Ontology browser of the semantic ChemgaPedia demonstrator
Ontology browser of the semantic ChemgaPedia demonstrator

In cooperation with FIZ CHEMIE we develop a semantic e-learning platform in the domain of chemistry which is based on ChemgaPedia. ChemgaPedia is a multimedia, webbased eLearning service platform that currently contains about 18.000 pages organized in 1.700 chapters covering the complete bachelor studies in chemistry and related topics of chemistry, pharmacy and life sciences. The eLearning encyclopedia contains some 25.000 media objects and the eLearning platform provides services such as virtual and remote labs for experiments. With up to 350.000 users per month the platform is the most frequently used scientific educational service in the German spoken Internet.

The content is represented in XML format conforming to a schema specialized to represent elearning content. All pages and media elements are stored in an XML-based database. A processing pipeline consisting mainly of XSLT transformations is used to convert the content to static HTML pages. Up to now there is no method to generate dynamic paths or to assemble personalized content pages on demand.

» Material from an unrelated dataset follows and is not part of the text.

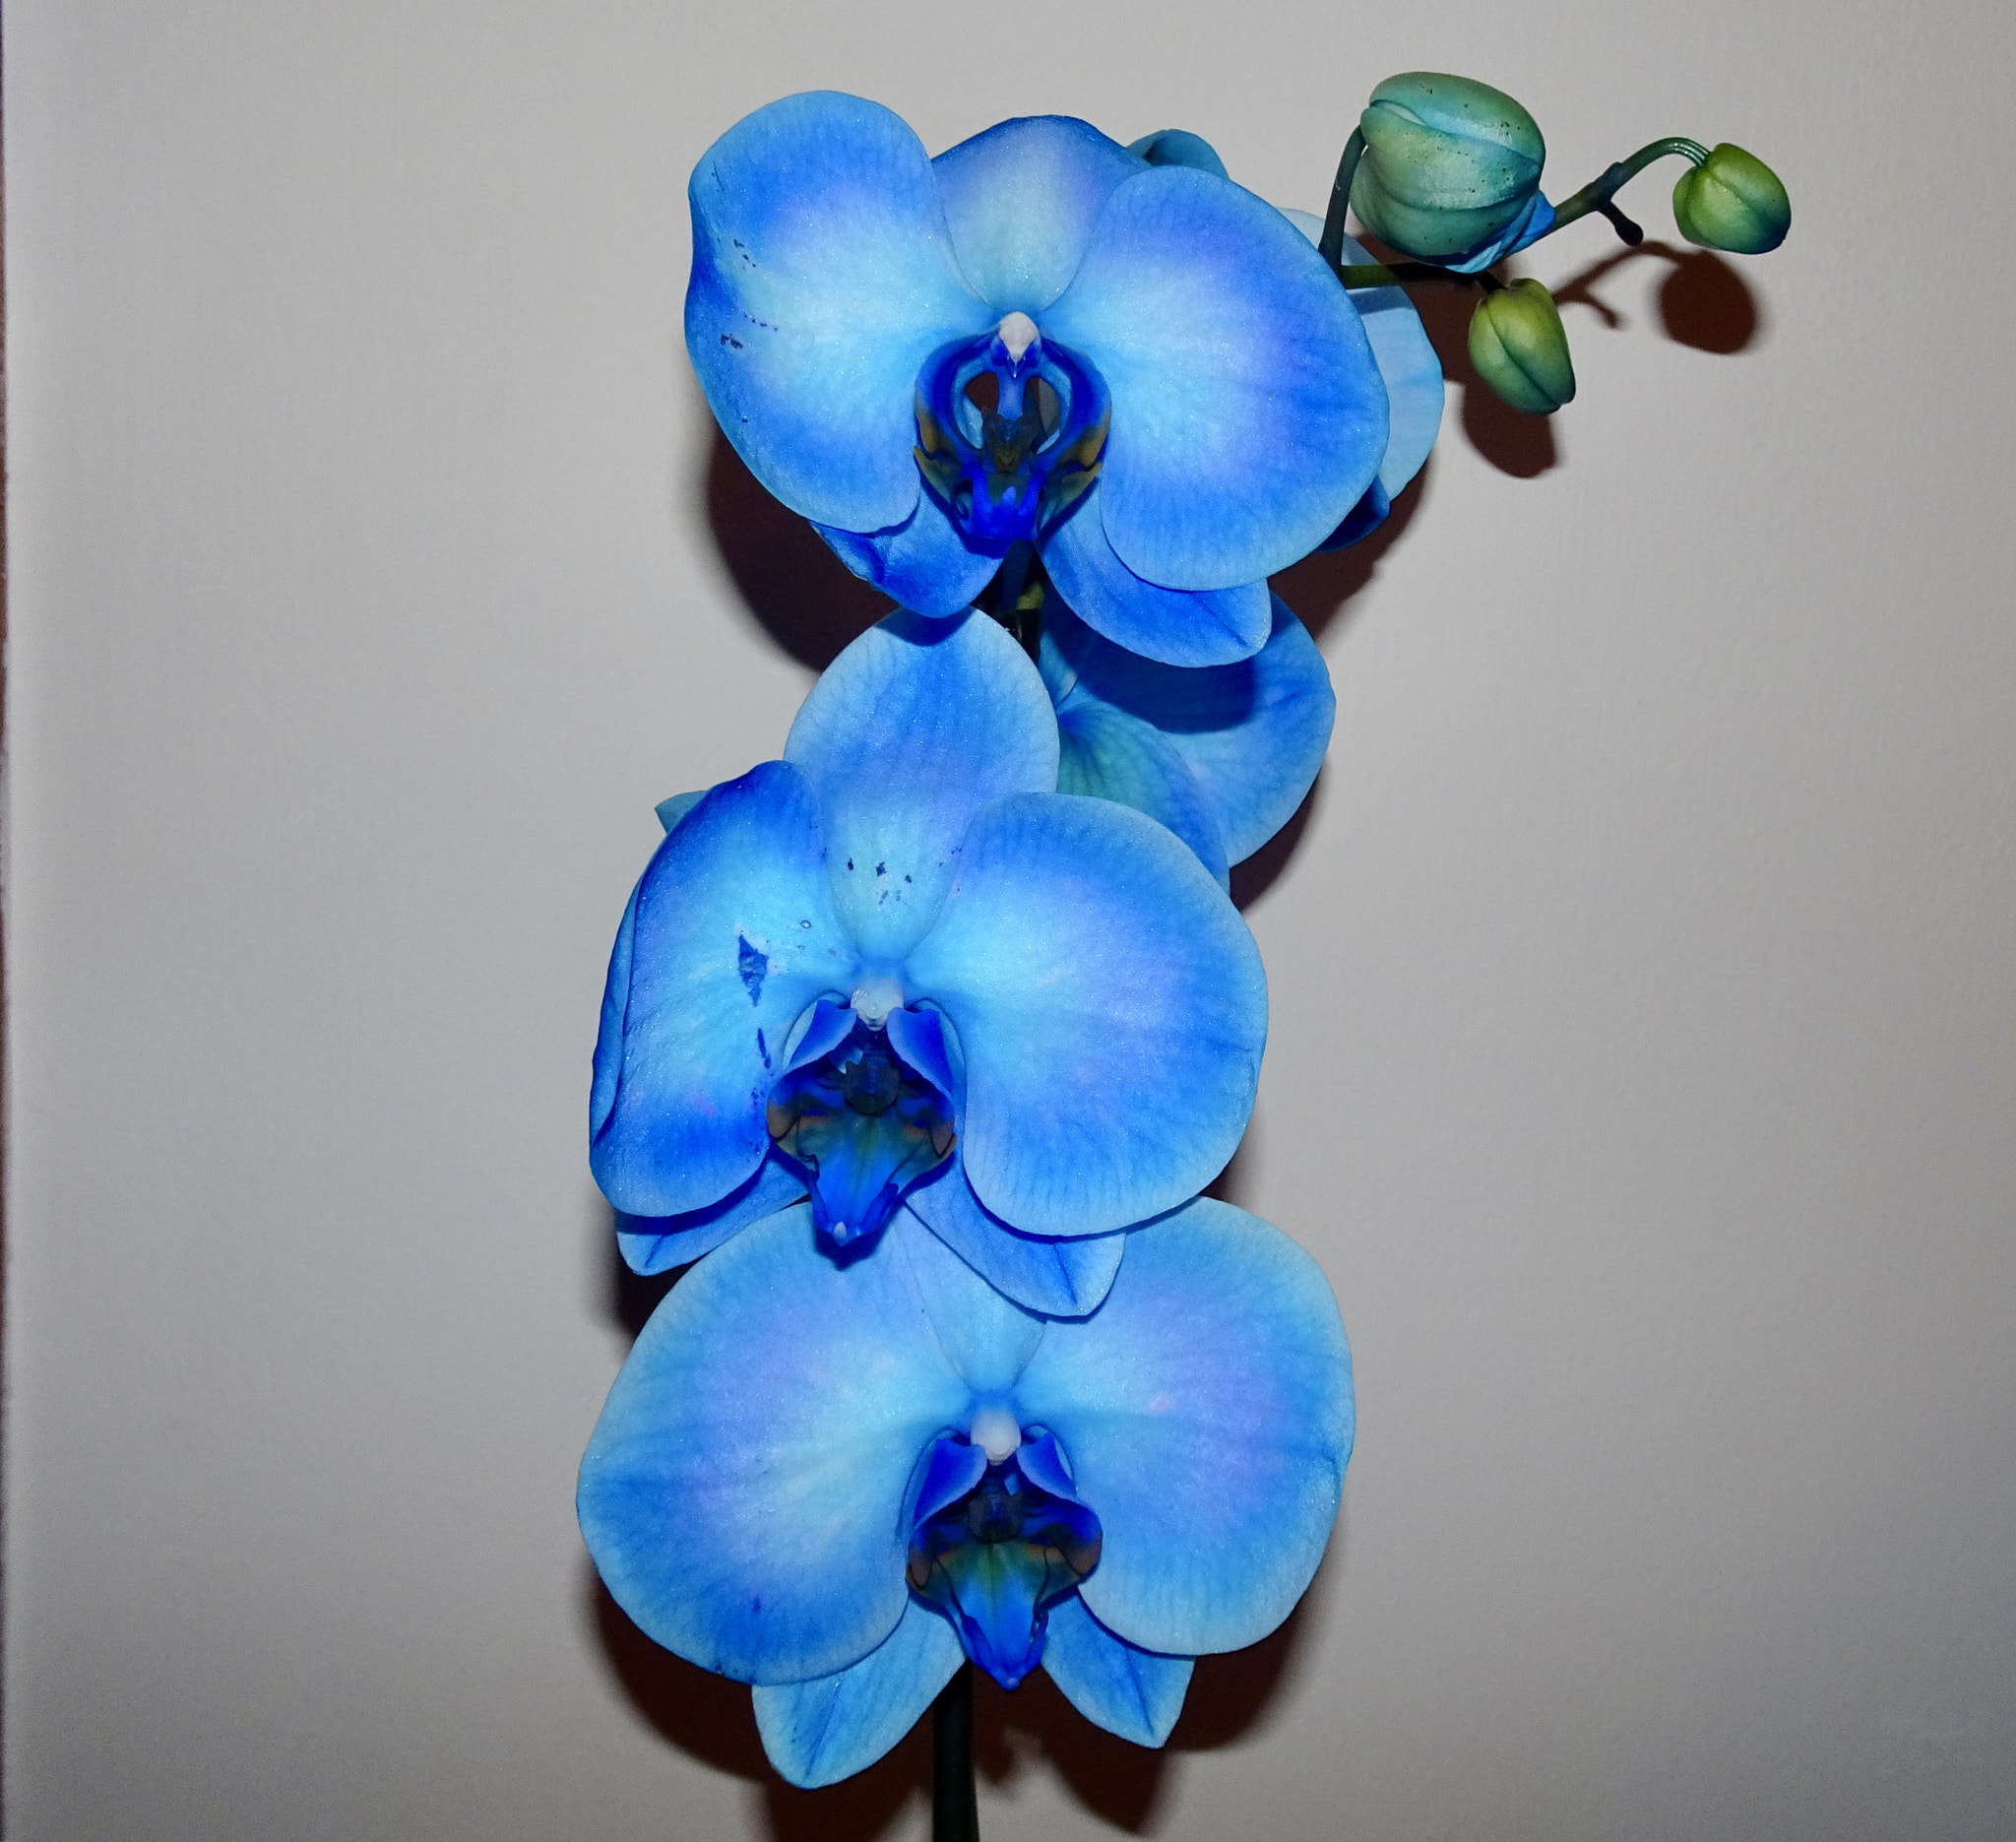 Sony Cyber-shot DSC-HX90V sample photo. "blue orchid" photography

The aim of the cooperation between FIZ CHEMIE as the provider of ChemgaPedia and the Corporate Semantic Web expert group is the development of an ontology-based copy of the current ChemgaPedia platform. For this purpose, we are currently developing two ontologies: a Chemistry ontology and an eLearning ontology. In contrast to existing Chemistry ontologies which are built for expert use, we use the expertise of the authors of ChemgaPedia to develop an ontology that is suitable for the use in the eLearning platform. For example, it also includes concepts that are not contained in existing ontologies but are relevant for students or it contains relationships that help to generate teaching path automatically. Nevertheless, our goals are also to reuse existing ontologies as far as possible and to link to them in the sense of linked data. The eLearning ontology models concepts and relationships to describe the content, relationships between lectures, and metadata about a lecture, e.g., target group.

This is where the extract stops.